Lankershim Boulevard is a major north-south thoroughfare in the eastern San Fernando Valley, primarily within the City of Los Angeles, in
Los Angeles County, California.

Geography

Lankershim Boulevard begins at San Fernando Road in the Sun Valley portion of the San Fernando Valley. In addition to Sun Valley, it runs through North Hollywood and Universal City. It runs for about  before ending directly south of Ventura Boulevard. It crosses intersections with Interstate 5, State Route 134, and US Route 101. From a 5-way intersection at Victory Boulevard it runs diagonally to the southeast, creating 6-way intersections at the crossings of Burbank Boulevard and Tujunga Avenue, as well as Vineland Avenue and Camarillo Street.
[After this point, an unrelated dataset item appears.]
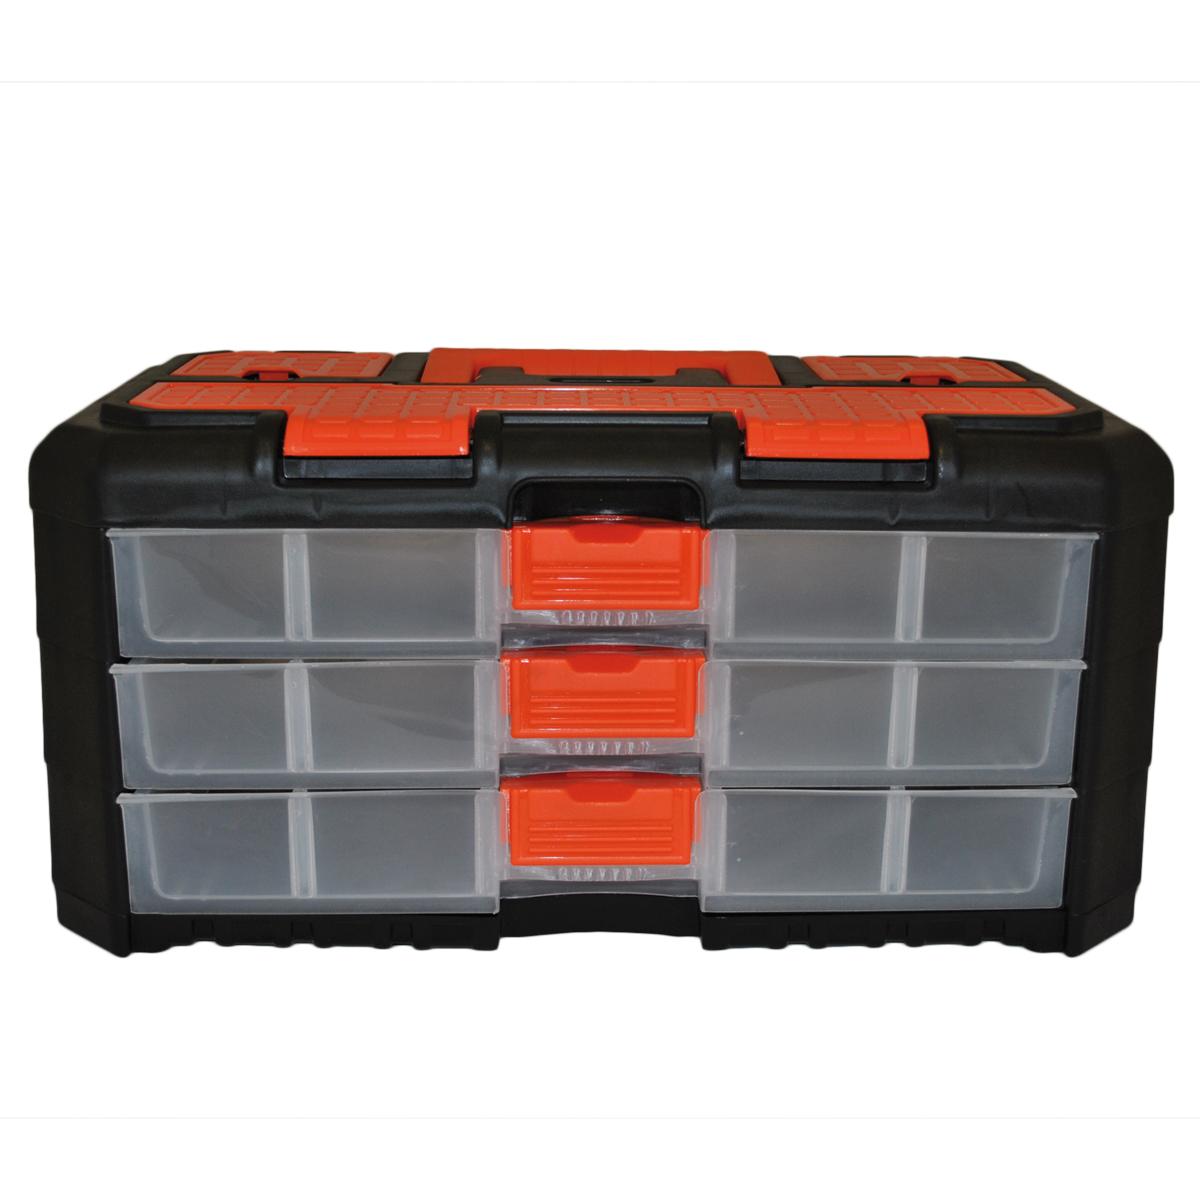 Органайзер для мелочей Blocker Grand, цвет: черный, оранжевый, 400 х 219 х 197 мм98298123_черныйУниверсальный сет для мелочей Blocker Grand с ручкой для переноски выполнен из высококачественного полипропилена. Секции фиксируются замками, которые надежно защищают от случайного открывания. Внутри секции разделены съемными перегородками, что позволяет организовать внутреннее пространство в зависимости от потребностей и делает сет пригодным для хранения не только мелочей, но и предметов средней величины. Встроенные секции на крышке подходят для хранения скобяных изделий.

At its busy southern end, Lankershim crosses the Los Angeles River as it briefly merges with Cahuenga Boulevard before passing the historic Campo de Cahuenga and the Universal City/Studio City Metro Station, then crossing the Hollywood Freeway and Ventura Boulevard, all within the space of about .

Transportation
Metro Local line 224 serves Lankershim Boulevard.

It passes two Metro Rail stations, North Hollywood and Universal City/Studio City, both served by the B Line, and the former station is also served by the G Line.

History

Named for one of the area's founding families, Lankershim Boulevard is one of the oldest streets in the area surrounding what is now the neighborhood of North Hollywood. It was a major thoroughfare for the town of Toluca (which was itself renamed "Lankershim" in 1896), connecting it to Los Angeles by way of the Cahuenga Pass. In the center of Toluca, it crossed the Southern Pacific Railroad, with a depot near the current location of the North Hollywood Metro Station at Chandler Boulevard. The foundations of the original Campo de Cahuenga adobe were unearthed beneath Lankershim Boulevard during construction of the Metro Red Line subway. These parts of the foundations within the park are preserved as an exhibit, and the "footprint" of the foundations under the street and sidewalk is marked by decorative pavement.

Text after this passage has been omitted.